PROVIDED MATERIAL:
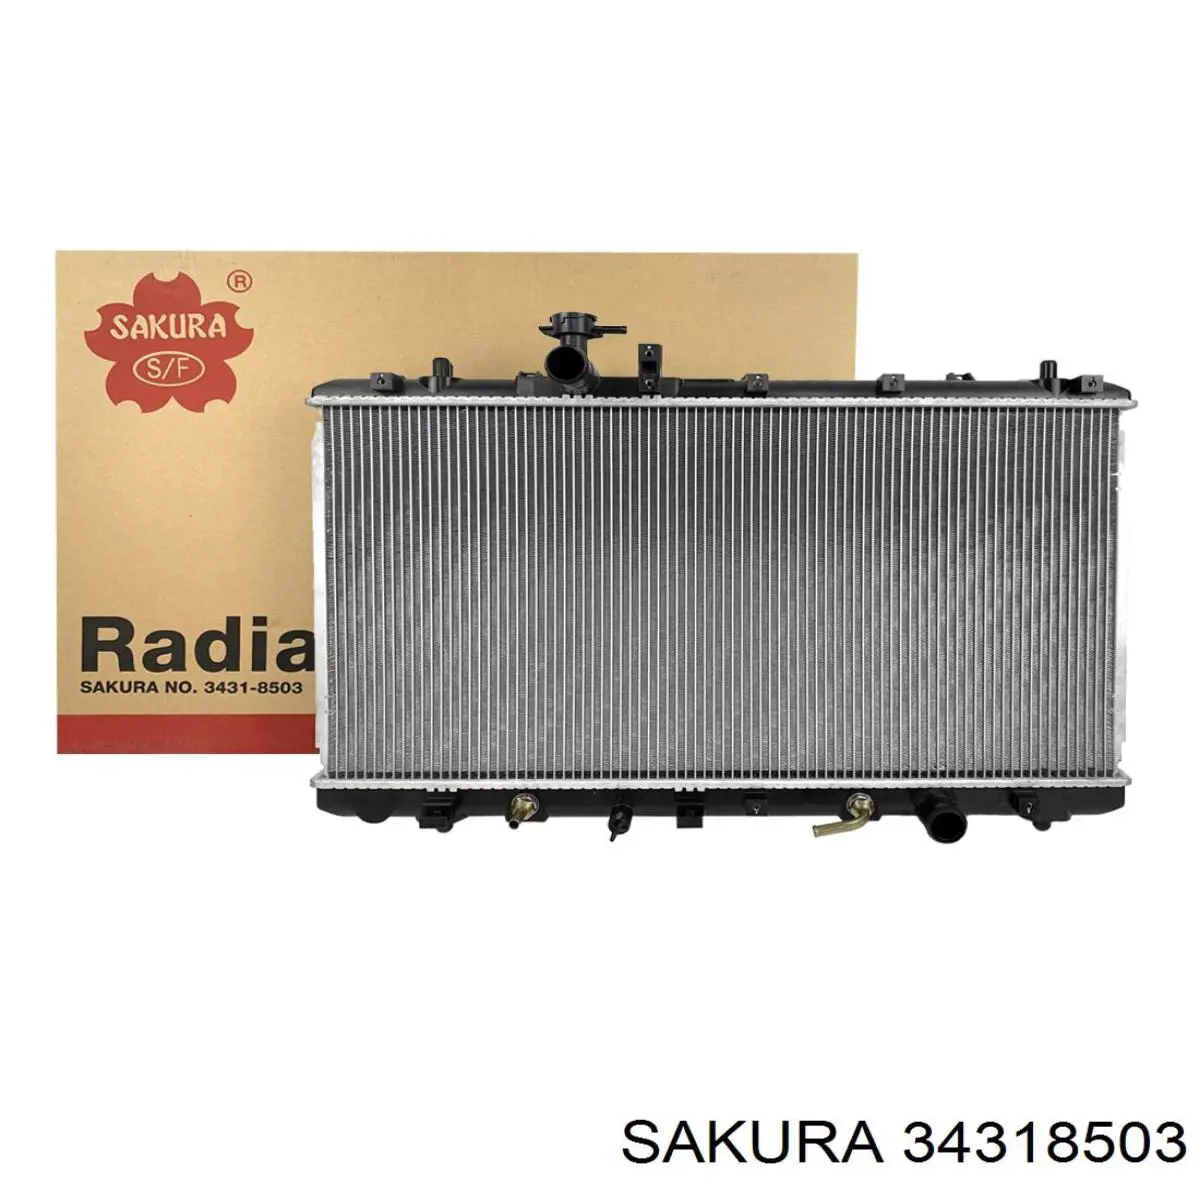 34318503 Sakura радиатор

* * *

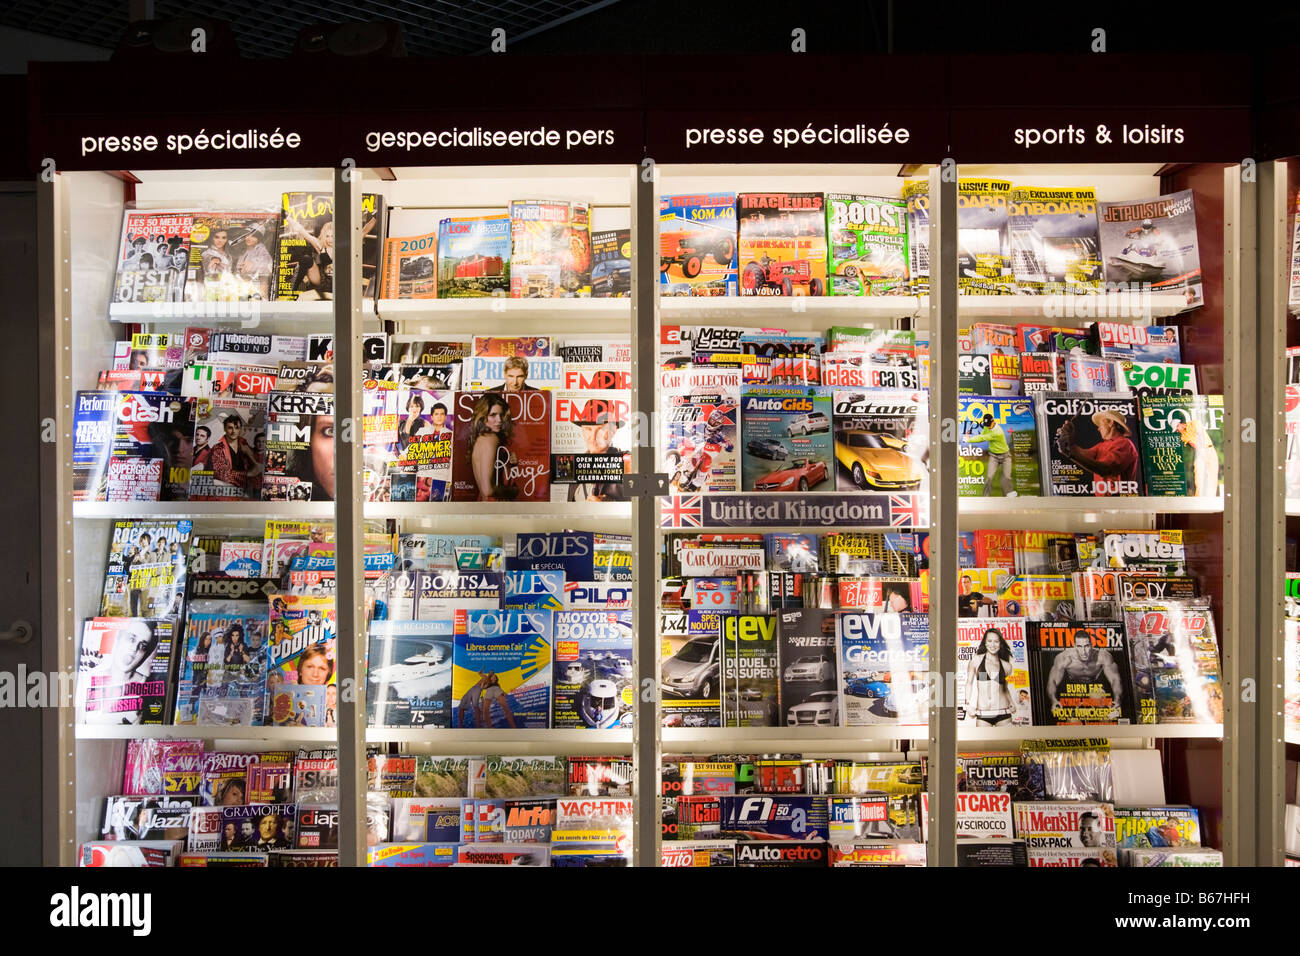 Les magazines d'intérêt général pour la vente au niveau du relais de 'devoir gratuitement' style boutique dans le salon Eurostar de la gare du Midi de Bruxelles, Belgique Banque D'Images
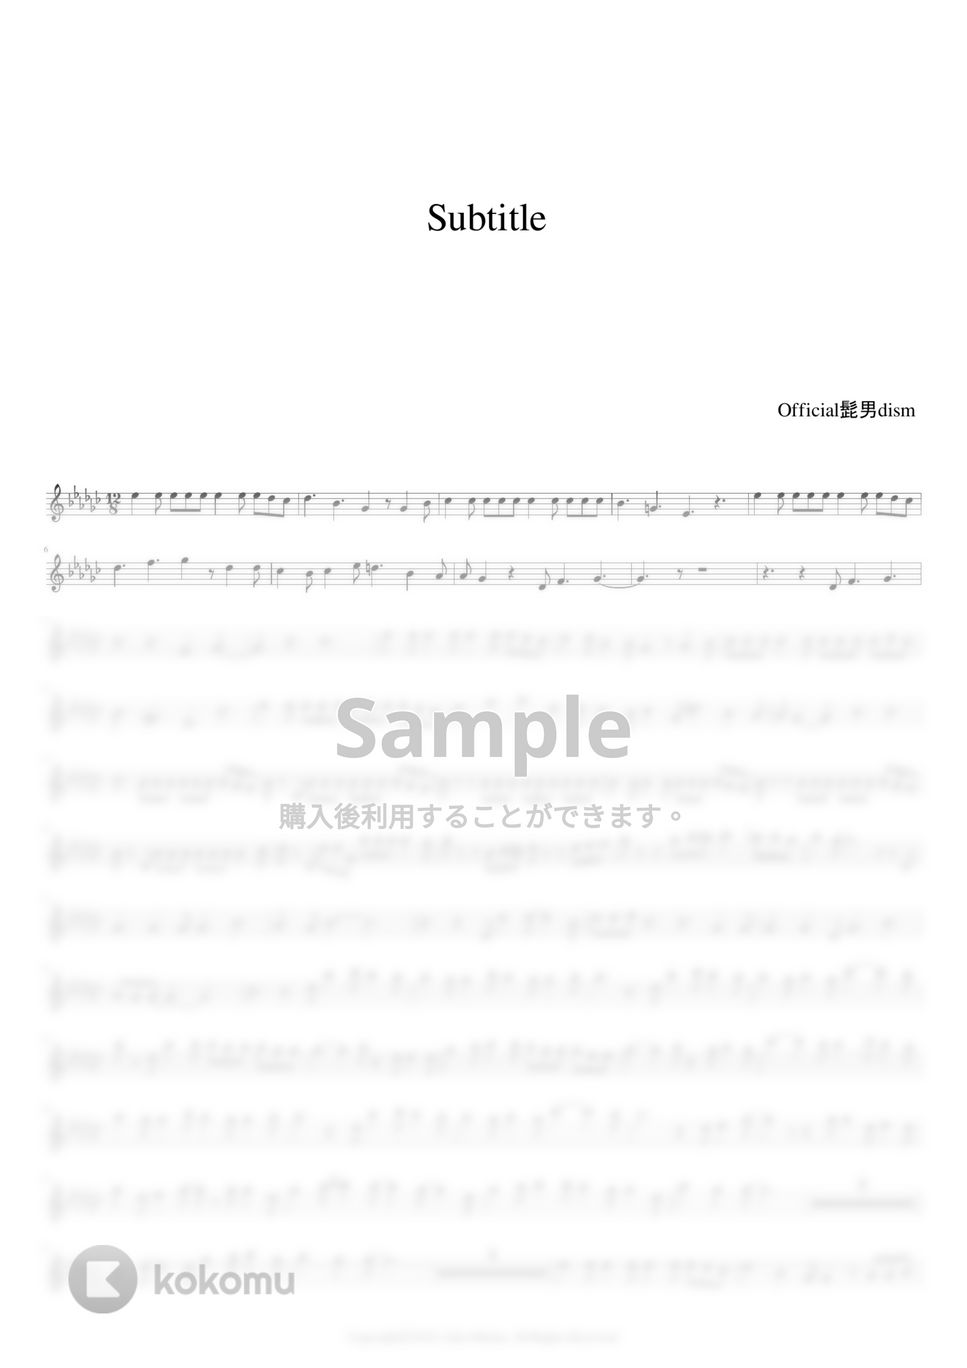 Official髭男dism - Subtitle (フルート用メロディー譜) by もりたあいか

TASK:
A clean copy is needed of the lines above from the one with "Les magazines d'intérêt" up to and including the one with "Official髭男dism - Subtitle". Please set it down exactly, with no pictures.

RESPONSE BELOW:
 Les magazines d'intérêt général pour la vente au niveau du relais de 'devoir gratuitement' style boutique dans le salon Eurostar de la gare du Midi de Bruxelles, Belgique Banque D'Images
 Official髭男dism - Subtitle (フルート用メロディー譜) by もりたあいか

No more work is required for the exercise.